# Heavy sleeper?



## nzumbe (Sep 8, 2009)

My rat doesn't really sleep more than average but she is hard to wake up when she does. This morning when I went to feed them she didn't wake up and come to the door. She was just lying in her hammock and I picked her up and she was still sleeping. Scared the crap out of me because I thought she was dead. She does this all the time. Should I be concerned?


----------



## Gma and Gpa P (Jan 17, 2009)

Sounds like Polly! When we adopted Polly, her previous owners warned me that she does 2 things:

1) Hoards food

2) Sleeps heavy

There are times I go to the cage to give the girls treats or take them for free-range time, and Polly is sleeping so hard that I can drag the house she sleeps in across the cage and she won't wake up. I've even had a few times of picking her up and she continues to sleep.
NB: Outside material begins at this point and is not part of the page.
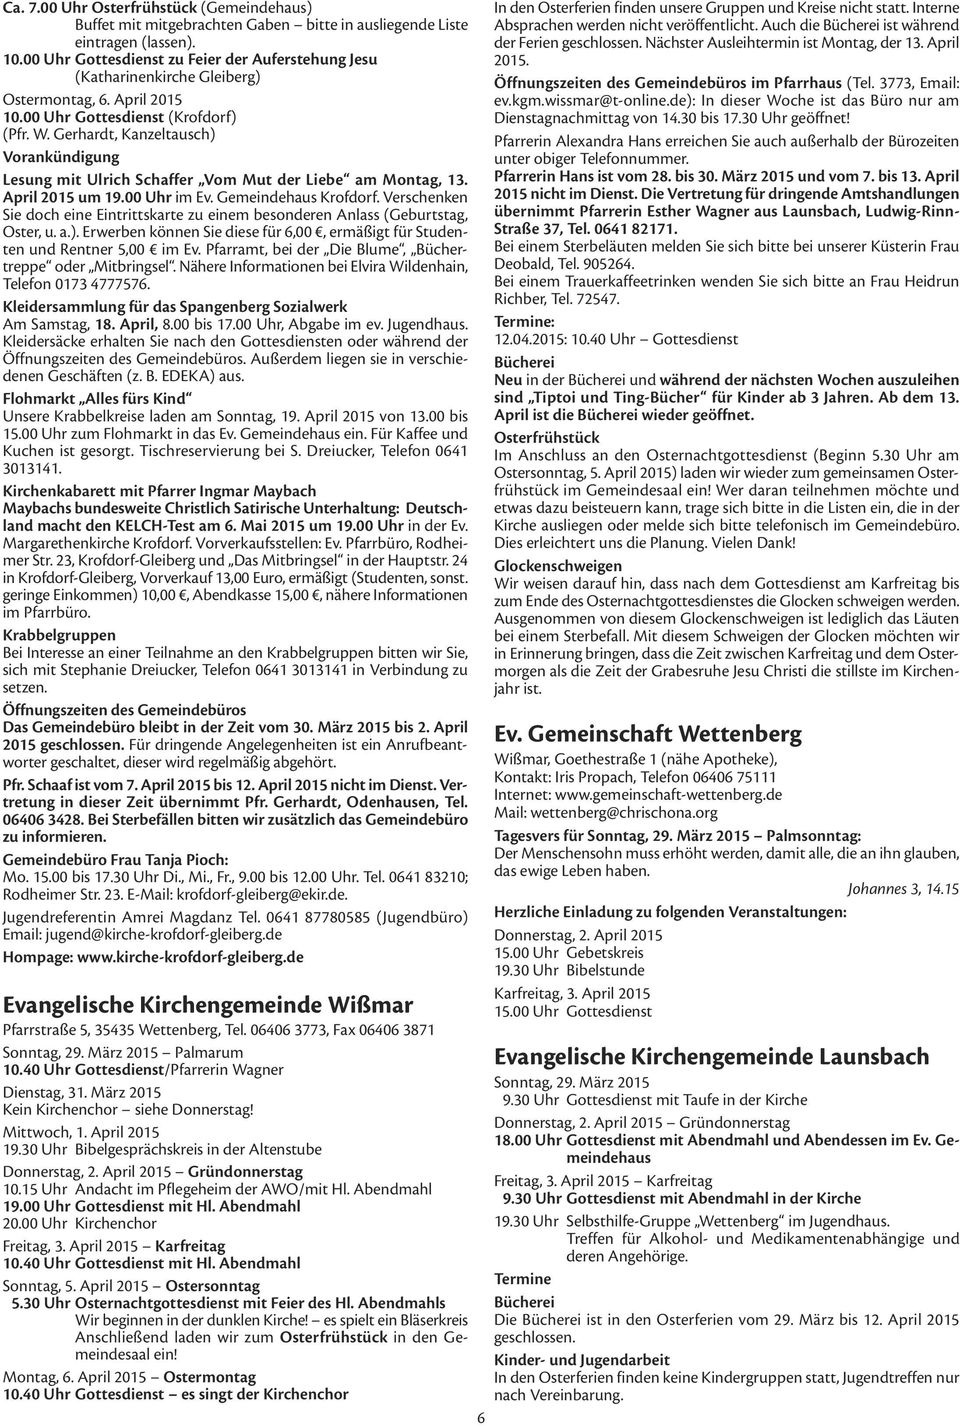 Gerhardt, Kanzeltausch) Vorankündigung Lesung mit Ulrich Schaffer Vom Mut der Liebe am Montag, 13. April 2015 um 19.00 Uhr im Ev. Gemeindehaus Krofdorf.

I don't know if it is anything to really be worried about, it is just like my Polly though.


----------



## nzumbe (Sep 8, 2009)

Gma and Gpa P said:


> Sounds like Polly! When we adopted Polly, her previous owners warned me that she does 2 things:
> 
> 1) Hoards food
> 
> ...


Oh wow. Copernicus does the food hoarding thing too, lol. She'll come out and grab things from your hand to hide behind her house.


----------



## Kiko (Sep 18, 2009)

My rat Peaches does this, she also hoards food. 
I tend to just pluck them up and put them back in the bowl during cage cleaning (not the icky ones)
It always scares me when they sleep heavy, my rat Peaches in in a tank with her babies right now, and I get so scared shes dead every time, I tap the glass a bunch of times, and shes like "whaa?" with all her babies hanging off her belly xD
Sowwy Peachy mama xD


----------



## AMJ087 (Aug 27, 2008)

One of my males did that too, only a few times. It scared me too i thought he had died also!!!


----------



## lilspaz68 (Feb 24, 2007)

If you notice the sleeping getting deeper and deeper, you could have possible heart issues on your hand OR you have a seriously deep sleeping/relaxed rat LOLOL


----------